Applicants must include information regarding the ability of the proposed awardee(s) to pay Medicare for any spending during the episode in excess of the target price (in retrospective models) and to pay Medicare for any increases in spending in excess of the risk threshold for the trended historical baseline during the post-episode monitoring period (for all models) and episode monitoring period (for Model 1). This must include enforceable assurances of each awardee’s ability to pay Medicare. This assurance could be an irrevocable letter of credit for the full amount of risk undertaken or any similarly enforceable mechanism that covers the full amount of risk.

Additional Information

Providers participating in Accountable Care Organizations are welcome to use this opportunity to improve care coordination and the quality of care. For more information on applicant eligibility, please review the “Conditions of Participation” section of the RFA. Applicants will also be required to plan and implement quality assurance and improvement activities as a condition of participation in this initiative and participate in CMS quality monitoring by reporting appropriate quality measures.

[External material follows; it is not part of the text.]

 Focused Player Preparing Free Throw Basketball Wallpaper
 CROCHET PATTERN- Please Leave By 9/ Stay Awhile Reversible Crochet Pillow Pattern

During the demonstration, CMS will carefully monitor the program to ensure improved clinical quality, patient experience, and outcomes of care throughout participation in the initiative. Applicants will be required to propose strong patient protections that preserve beneficiary choice in seeking care from the provider of their choice.

Applicants are asked to submit their own episode definitions and bundled payment proposals. CMS will provide historical Medicare claims data to potential applicants planning to apply for Models 2 through 4. The data are intended to enable potential applicants to develop well-defined episodes and discount proposals based on the experience of providers in the applicant’s area. In order to be considered for receipt of data, applicants must submit a Research Study Protocol along with their letter of intent (LOI) and will later be expected to submit and comply with a Data Use Agreement (DUA). Both of these forms are available on the Bundled Payments for Care Improvement website.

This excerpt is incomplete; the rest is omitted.